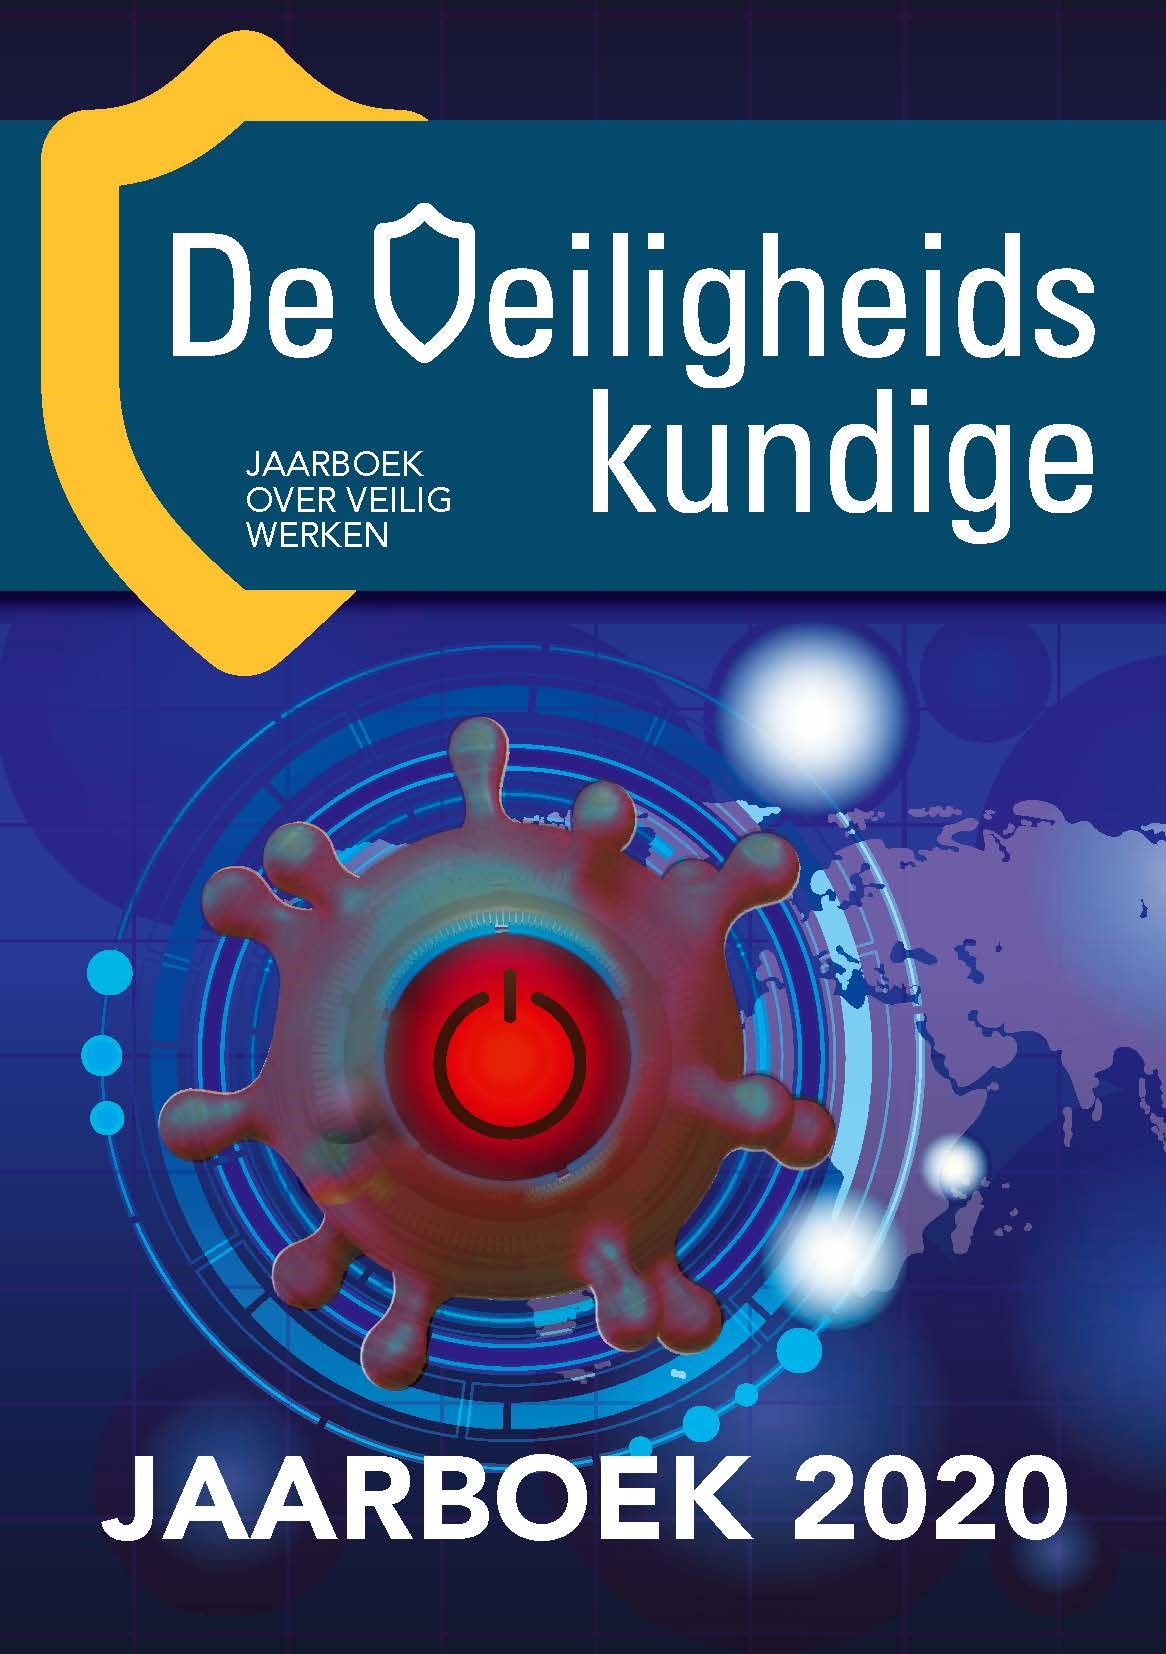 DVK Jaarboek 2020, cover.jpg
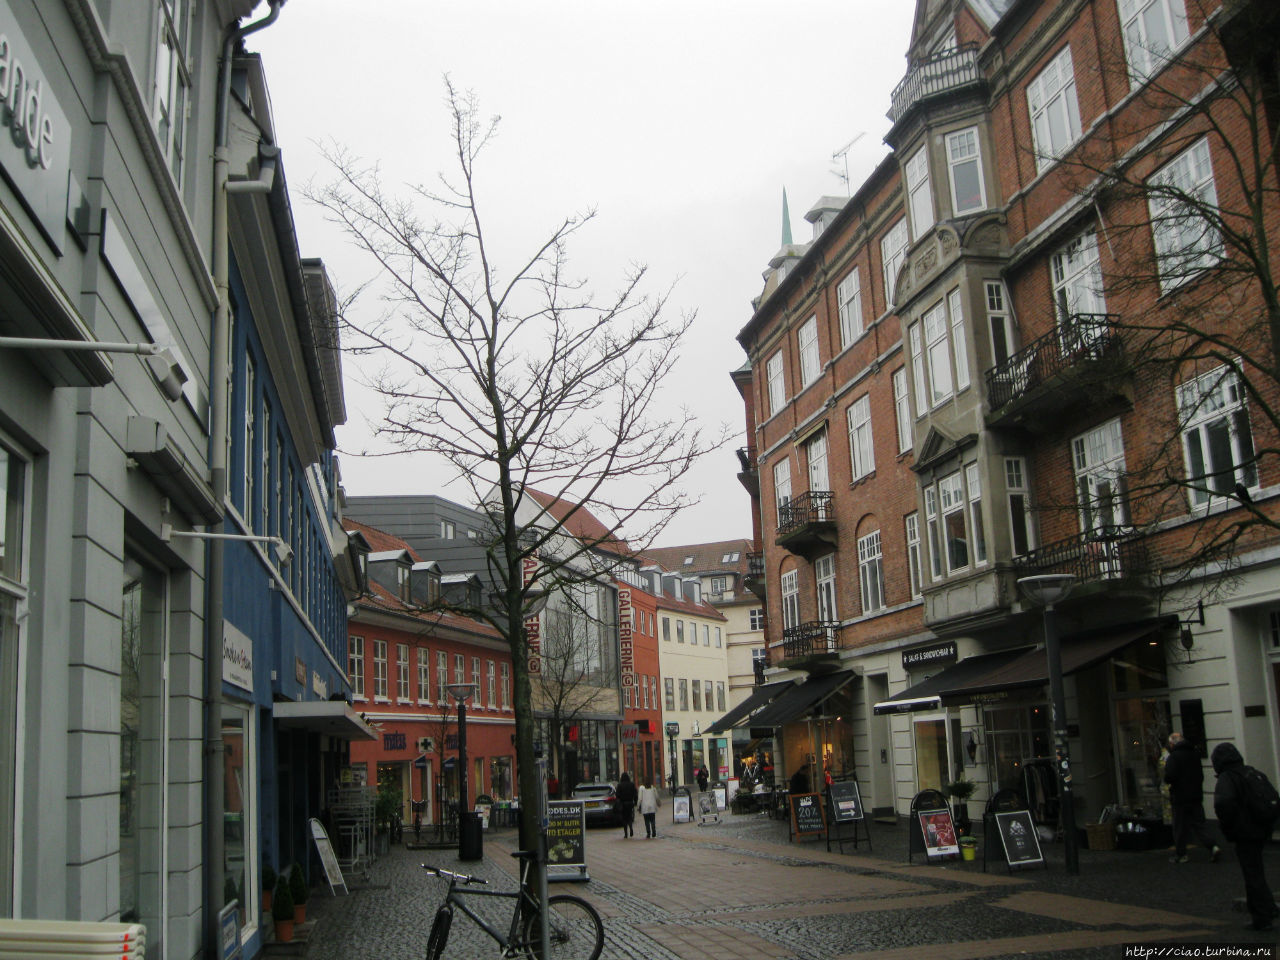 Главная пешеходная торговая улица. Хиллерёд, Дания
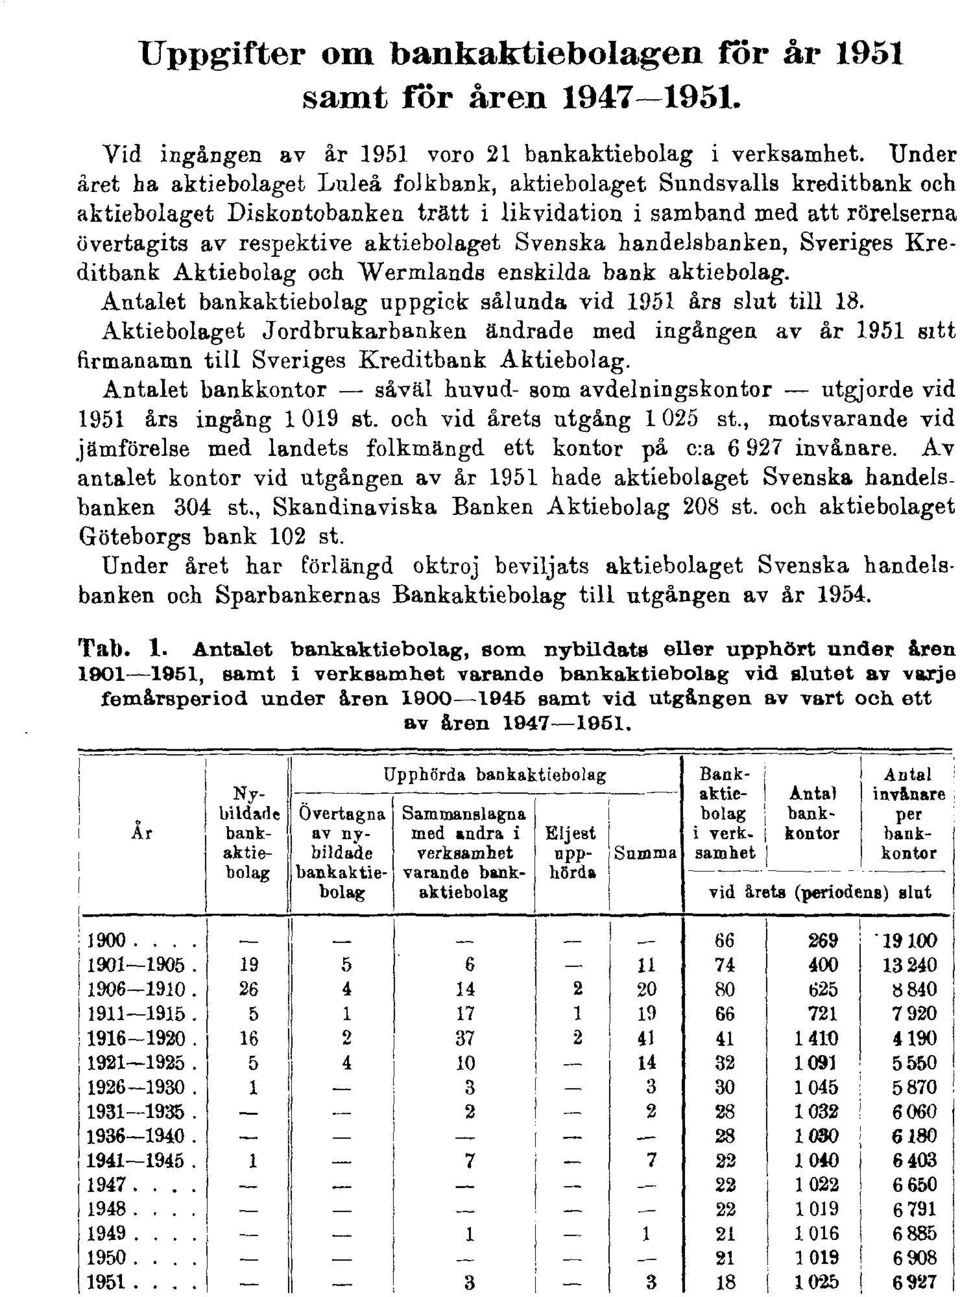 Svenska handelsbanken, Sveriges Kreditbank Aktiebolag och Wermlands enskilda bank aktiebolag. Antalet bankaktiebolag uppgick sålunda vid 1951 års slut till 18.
•••••
* Work instruction
Everything from the line holding "Главная пешеходная торговая" through the last line of the listing should be written out exactly, except for the pictures.

* Completed task
 Главная пешеходная торговая улица. Хиллерёд, Дания
 Svenska handelsbanken, Sveriges Kreditbank Aktiebolag och Wermlands enskilda bank aktiebolag. Antalet bankaktiebolag uppgick sålunda vid 1951 års slut till 18.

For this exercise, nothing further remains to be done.